TASK DESCRIPTION =
Pictures appear among the records below and must be omitted. Repeat exactly the lines from the line with "Kamlakar Satpute Fakta" to the line with "AxtSchmiedeeisen/Holz, L= 88", both included.

RECORDS TO PROCESS =
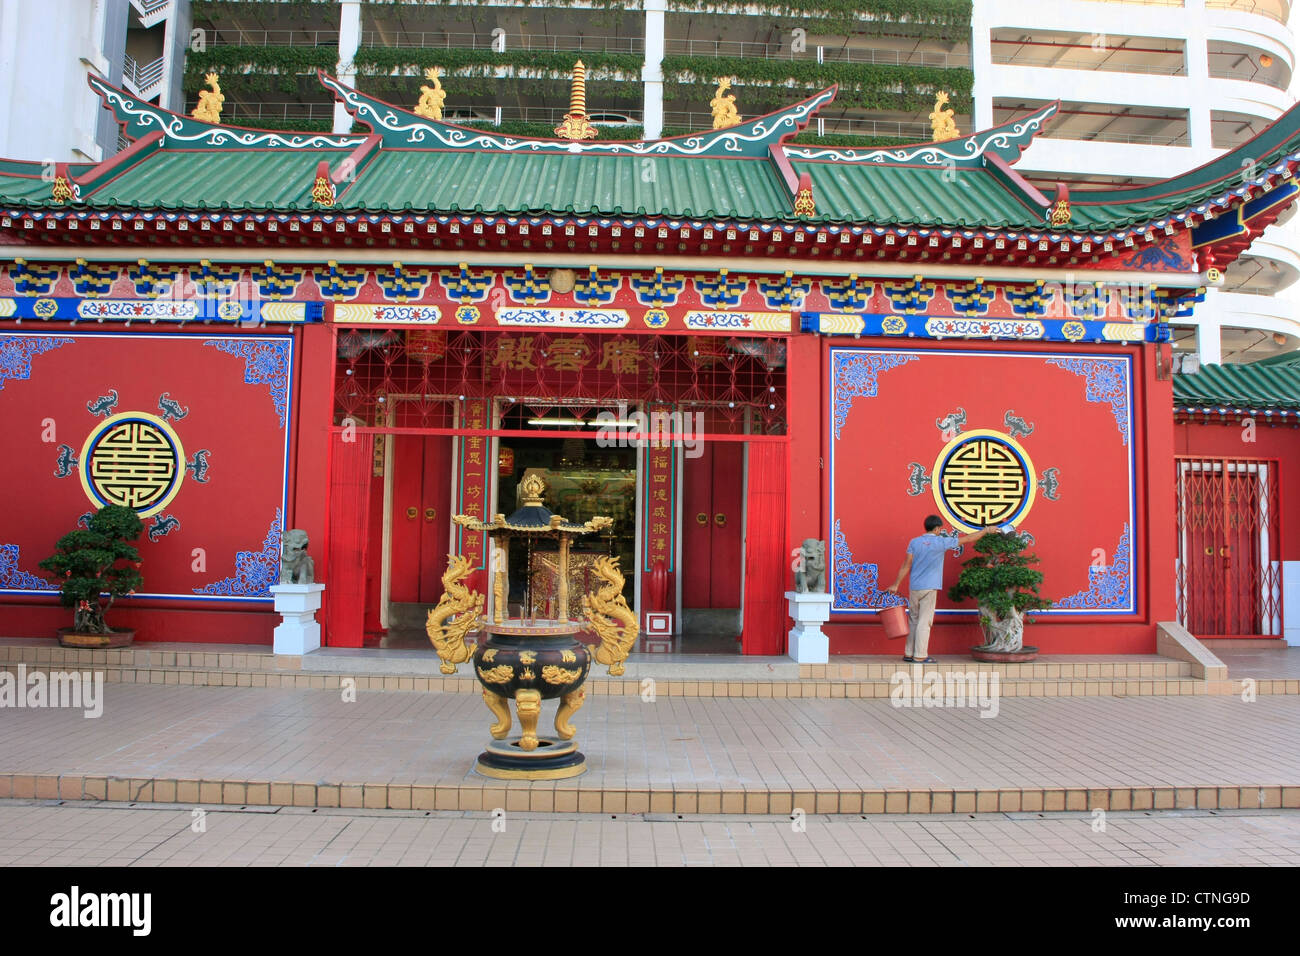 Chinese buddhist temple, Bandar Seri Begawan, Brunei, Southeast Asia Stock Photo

--

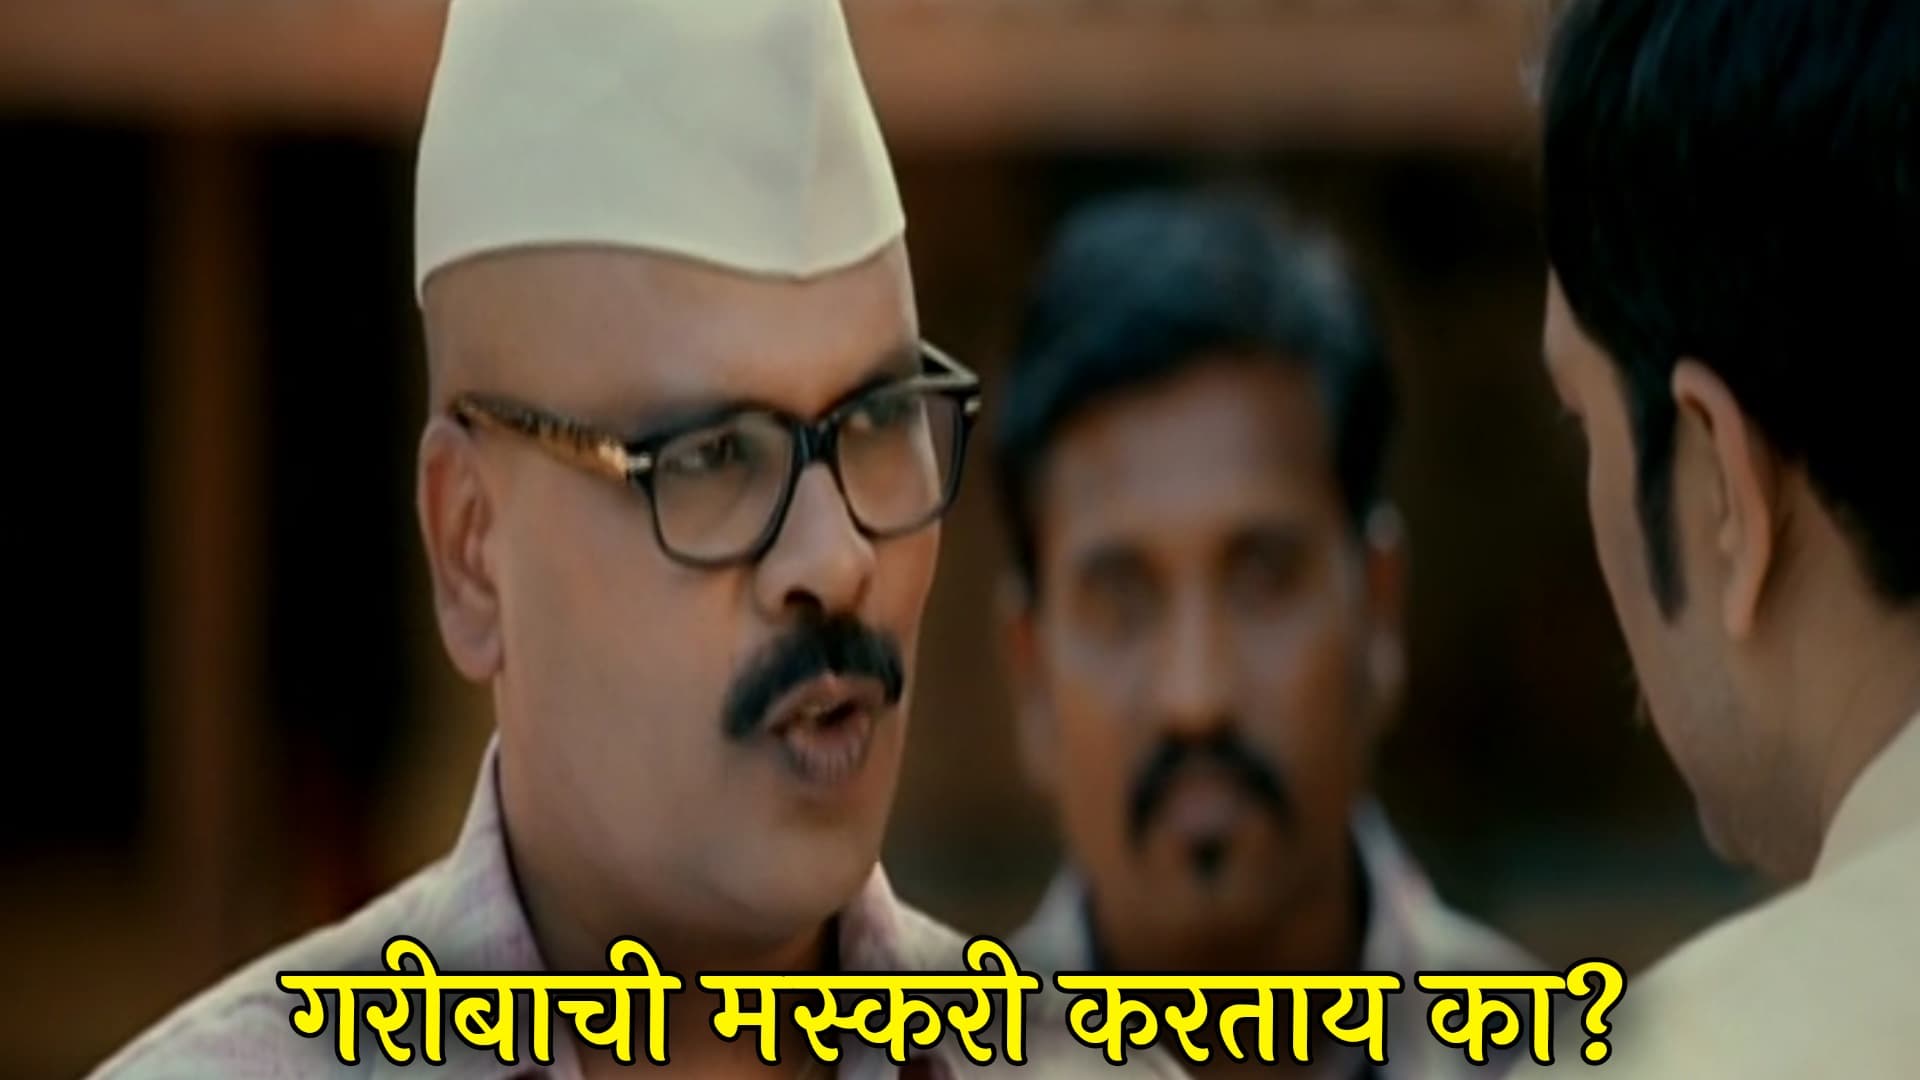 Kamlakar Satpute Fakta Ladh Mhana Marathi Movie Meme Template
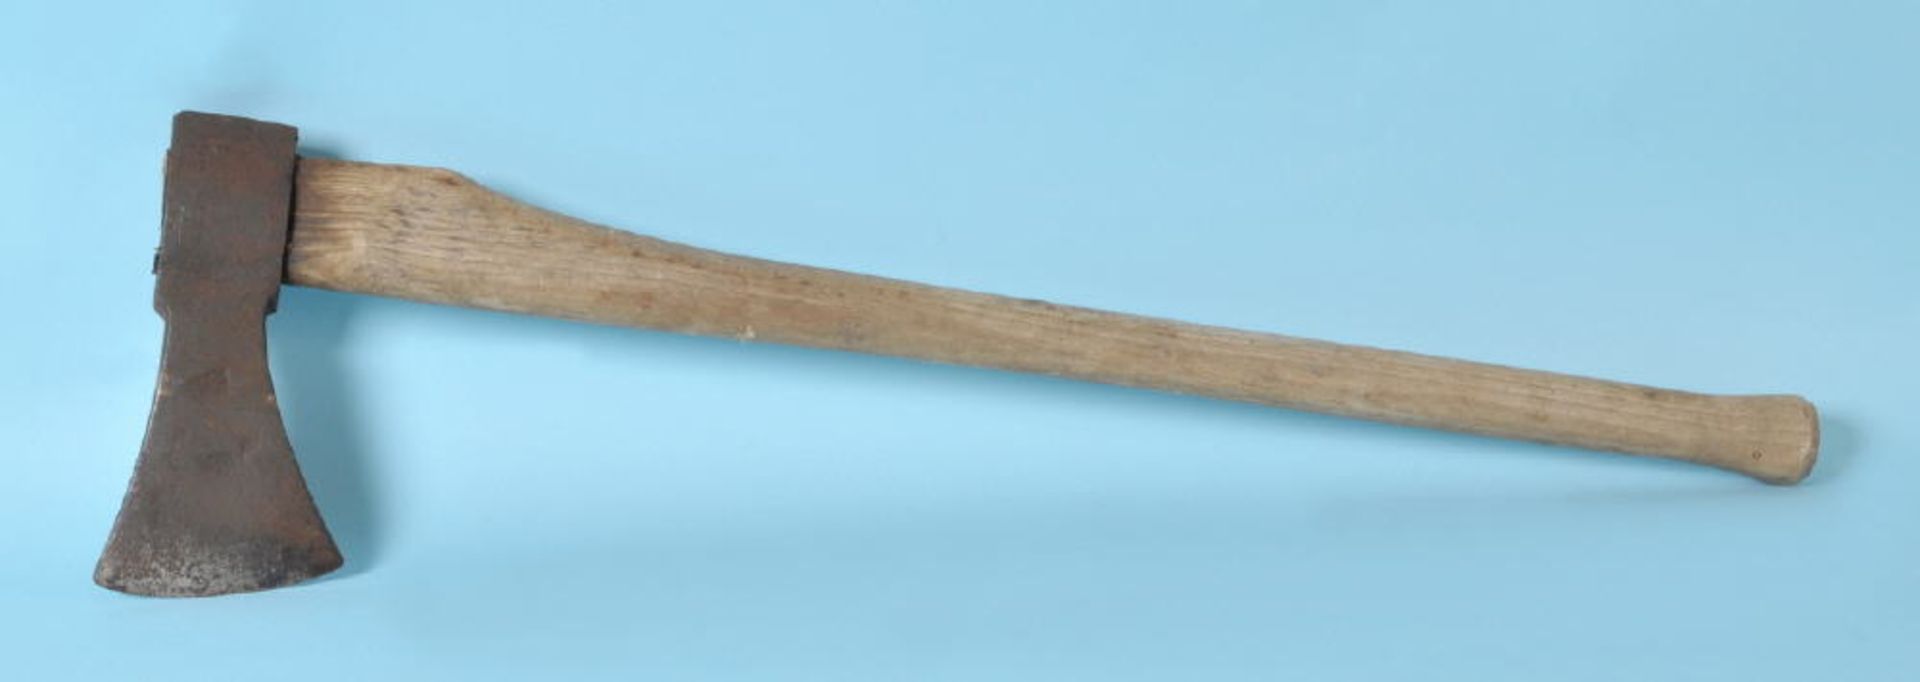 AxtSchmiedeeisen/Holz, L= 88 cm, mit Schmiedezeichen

RESULT BELOW =
 Kamlakar Satpute Fakta Ladh Mhana Marathi Movie Meme Template
 AxtSchmiedeeisen/Holz, L= 88 cm, mit Schmiedezeichen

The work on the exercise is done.